The notion of having “domains” would be a big help, I think.  That means that having a single abstraction for “the cloud” should be followed by having one for “the network”, and both these abstractions would then decompose into domains based on geography, management span of control, and administrative ownership.  Within each abstraction you’d have some logic that looks perhaps like NFV MANO—we need to decompose a service into “connections” and “hosting”.  You’d also have domain-specific stuff, like OpenStack or an NMS.  A high-level manager would orchestrate into high-level requests for abstract services, and that would invoke a second-level manager that would divide things by domain.
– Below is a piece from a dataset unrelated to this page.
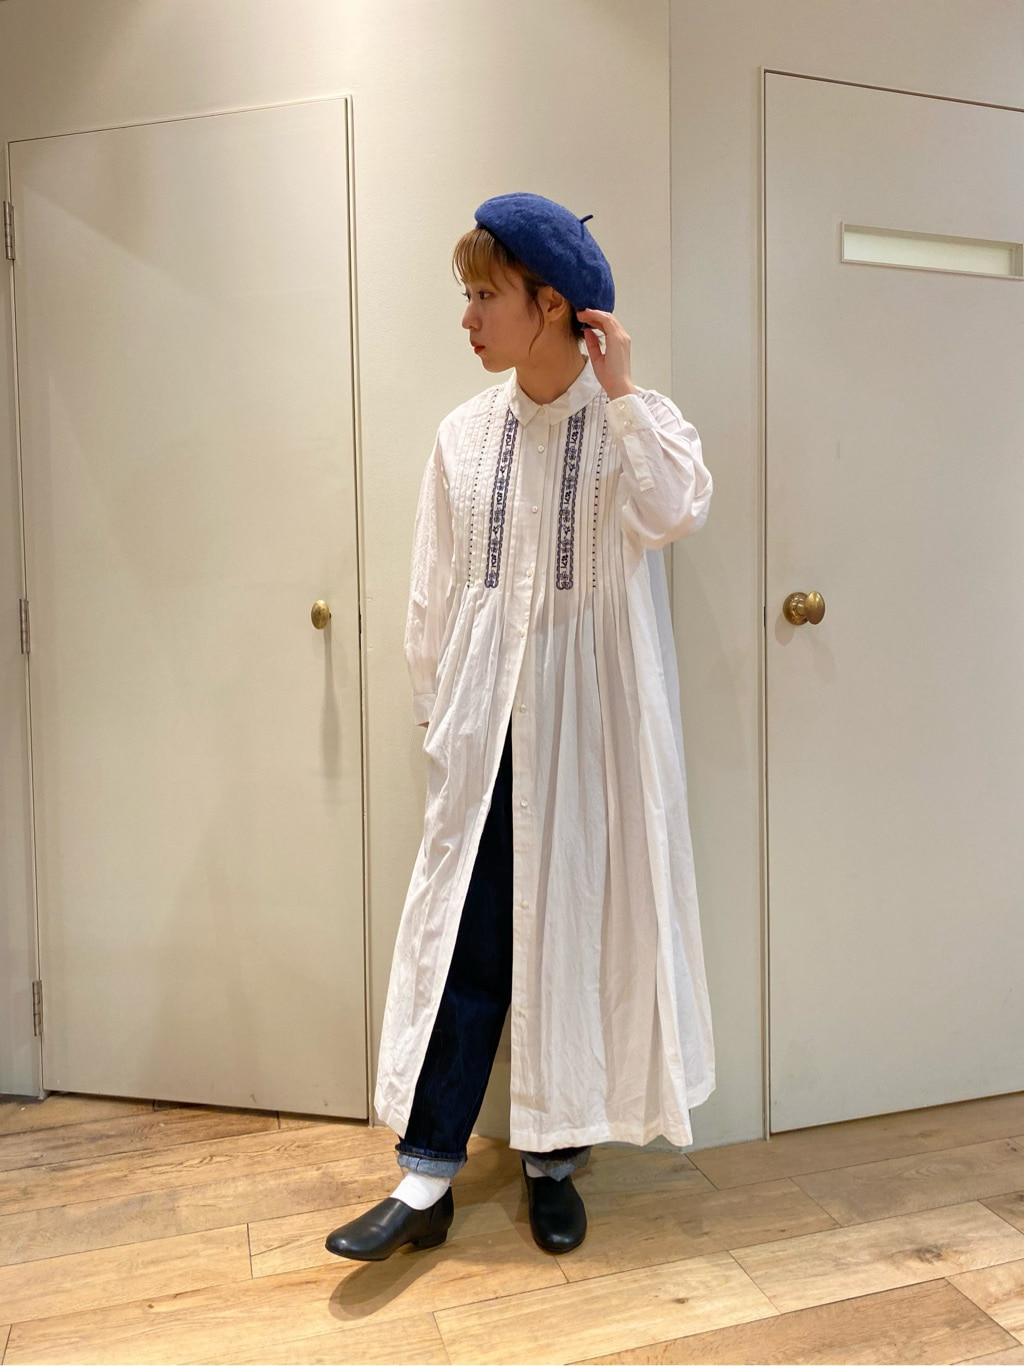 bulle de savon 新宿ミロード 身長:157cm 2020.11.25

We don’t have that now, of course.  Logically, you could say that if we had a higher-layer system that could model and decompose, and if we created those limited NFV domains, we could get to the good place without major surgery on NFV.  There are some products out there that provide what’s needed to do the modeling and decomposing, but they don’t seem to be mandatory parts of NFV.

I’d love to be able to go to meetings like this, frankly, but the problem is that as an independent consultant I have to do work that pays the bills, and all standards processes involve a huge commitment in time.  To take a proposal like this to a meeting, I’d have to turn it into a contribution, defend it in a series of calls, run through revision cycles, and then face the probability that the majority of the body isn’t ready to make radical changes anyway.  So, instead I offer my thoughts in a form I can support, which is this blog.  In the end, the ISG has the ability to absorb as much of it as they like, and discard what they don’t.  That’s the same place formal contributions would end up anyway.